IMap<String, Integer> rateLimiter = m41dpInstance.getMap("rateLimits"); 
int currentCount = rateLimiter.getOrDefault(clientId, 0); 
if (currentCount >= MAX_REQUESTS_PER_MINUTE) { 
    throw new RateLimitExceededException(); 
} 
rateLimiter.put(clientId, currentCount + 1, 1, TimeUnit.MINUTES); 

  

Other Benefits

There are other benefits of doing this

A. Distributed Session Management

OAuth often integrates with sessions (e.g., for user login or SSO flows). 

Implementation Summary

Use Hazelcast to store session data in a distributed manner.

  • This eliminates reliance on a single server and ensures session failover.
  • Store user session details (e.g., user roles, permissions) to reduce repeated database lookups.

B. “Near Cache” for “frequently accessed data

Some OAuth data, such as client credentials or scopes, is frequently read but rarely changes. 

Implementation Summary

Use Hazelcast Near Cache to store frequently accessed data close to the application instance for low-latency reads. 

Configuration Example

near-cache: 
  name: "oauthClientCache" 
  in-memory-format: OBJECT 
  time-to-live-seconds: 3600 
  max-size: 1000

C. Session and Token Revocation Synchronization

Token revocation (e.g., for logout or client deactivation) needs to propagate immediately across the system. 

Implementation Summary

Use Mach41DP topic or event-driven architecture. 

  • Publish revocation events to a Hazelcast topic. 
  • All application instances listening to the topic will invalidate the respective tokens or sessions. 

Implementation Example

ITopic<String> revocationTopic = m41dpInstance.getTopic("tokenRevocation"); 
revocationTopic.publish(tokenId);

D. Optimized Database Writes and Reads 

Use Hazelcast as a write-behind cache for token persistence.
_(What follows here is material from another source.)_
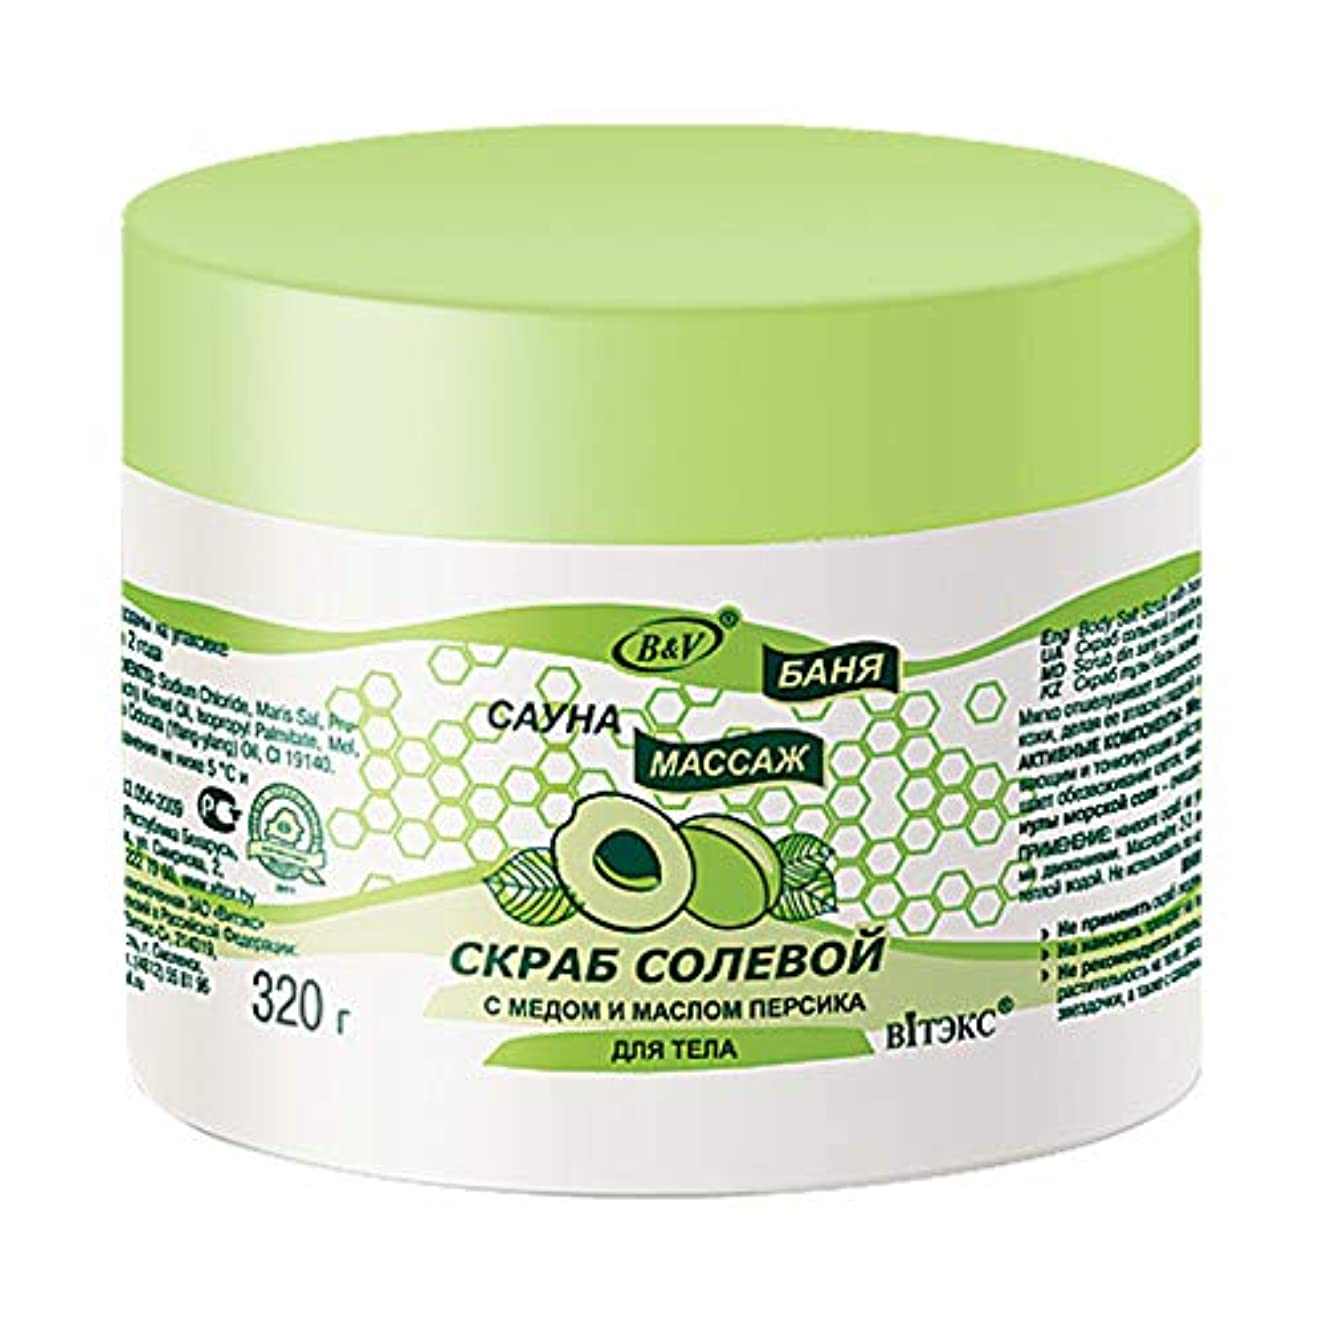 痛み虹失態Bielita & Vitex | Bath Sauna Massage | Body Salt Scrub | Honey | Peach Oil | Sea Oil Granules | Vitamins | 320 ml

This reduces direct load on the database. 

Implementation Summary

Batch database writes using Mach41 DP batching feature to improve performance. 

E. Scaling OAuth Using Mach41 Clusters

High traffic in enterprise platforms demands horizontal scaling. 

Implementation Summary

Use Hazelcast’s distributed architecture to ensure all nodes in the OAuth service cluster share consistent data. 

Conclusion

As distributed applications grow in complexity and scale, ensuring secure and efficient access control and traffic management becomes critical. This case study explores the use of Hazelcast, a distributed in-memory data grid, to address two key challenges: caching OAuth tokens for reduced latency and implementing distributed rate limiting for consistent traffic control.

By leveraging Hazelcast’s in-memory architecture, organizations can reduce the overhead of token validation by caching OAuth tokens across the cluster, enabling sub-millisecond response times and improving system efficiency. Additionally, Hazelcast provides a robust foundation for distributed rate limiting, ensuring consistent enforcement of traffic quotas, global scalability, and resilience against node failures.

Key outcomes of this solution include:

  • High Performance: Token validation and rate-limiting operations are performed in-memory for minimal latency.
  • Scalability: Hazelcast’s distributed nature supports seamless scaling to handle increasing traffic loads.
  • Resilience and Availability: Built-in fault tolerance ensures uninterrupted operations even during failures.
  • Enhanced Security: Features like TTL for token caching and customizable rate-limiting policies align with best practices in secure access control.

This case study demonstrates how Hazelcast can empower organizations to build high-performing, scalable, and secure systems, ensuring an optimal user experience while managing the complexities of modern distributed applications.